Court of Appeals of South Carolina
Jan 10, 1994
439 S.E.2d 861 (S.C. Ct. App. 1994)

Opinion

2114

Heard November 3, 1993

Decided January 10, 1994

Appeal from York County J. Buford Grier, Master-In-Equity

Reversed and remanded.

Thomas F. McDow, Rock Hill, for appellant.

Stanley D. Ragsdale, of Leventis Ragsdale; and F. Patrick Hubbard; Columbia, for respondents.


Jane Davenport McCurry sued the Keiths to recover over $8,000 she lost playing video poker machines at their business. She alleged fifteen separate incidents. The trial judge granted the Keiths' motion for judgment on the pleadings and McCurry appeals.

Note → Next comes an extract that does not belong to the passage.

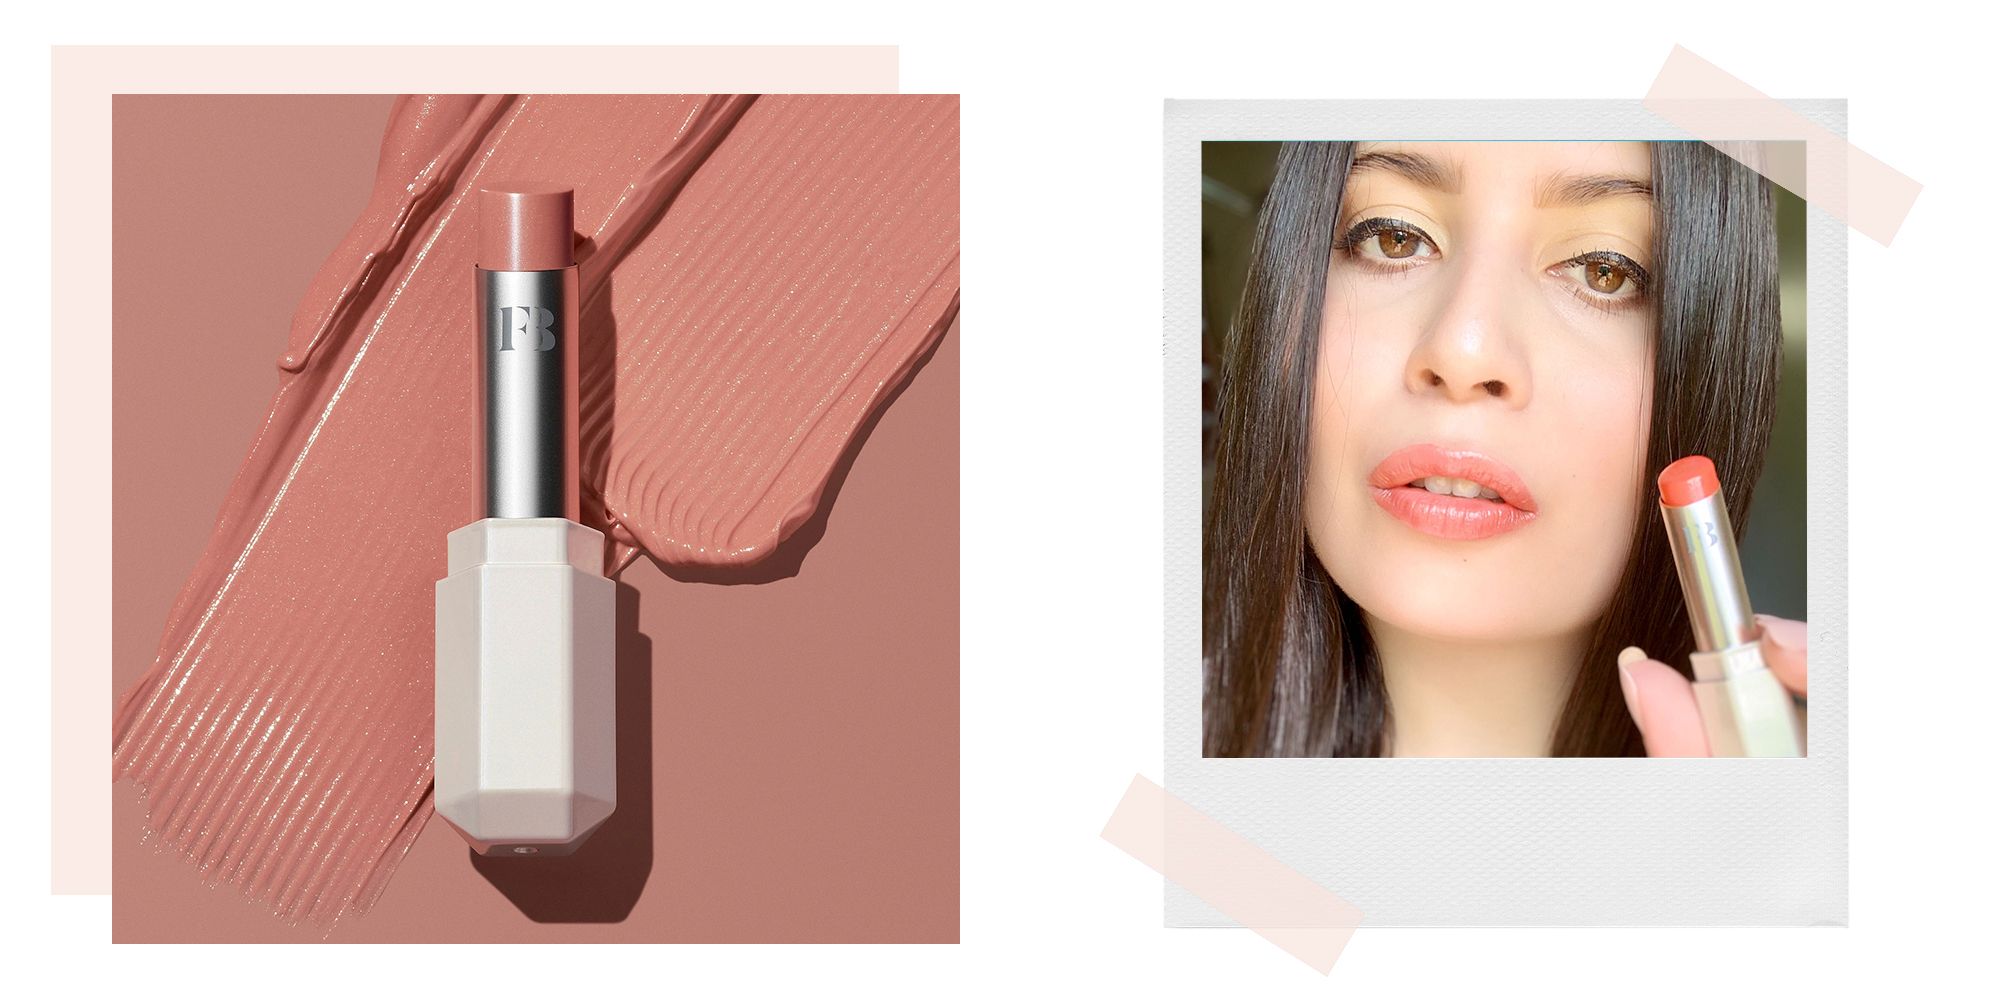 Fenty Beauty Sheer Lipstick Review 2020 - Best Sheer Lipstick

We reverse and remand.

The court held the facts McCurry alleged showed: (1) the money she lost was for the use of the machine; (2) the poker machines were not illegal and, therefore, not in violation of the statute; and (3) the Keiths were not "so playing" the game under the statute.

According to the complaint, the Keiths operate The Executive, a business, in Fort Mill, containing poker machines. The complaint alleges that a poker machine is a game within the scope of S.C. Code Ann. § 82-1-10 (1991). The causes of action state, in pertinent part, that McCurry, "by playing a game at The Executive lost, paid and delivered to" the Keiths a sum of money.

This code section allows a gambler to recover losses of $50 or more.

A judgment on the pleadings is a drastic procedure and, therefore, is not proper if there is an issue of fact raised by the complaint which, if resolved in favor of the plaintiff, would entitle her to judgment. Russell v. City of Columbia, 305 S.C. 86, 406 S.E.2d 338, (1991). Moreover, the pleadings must be construed liberally to ensure substantial justice between the parties. Id.

The trial court held McCurry had only alleged payments for the use of the machine. A liberal reading of the complaint indicates McCurry is claiming she lost money gambling on a poker machine. The trial court's conclusion that McCurry spent money for the right to play the game rather than lost money at gambling is too narrow a reading of the complaint.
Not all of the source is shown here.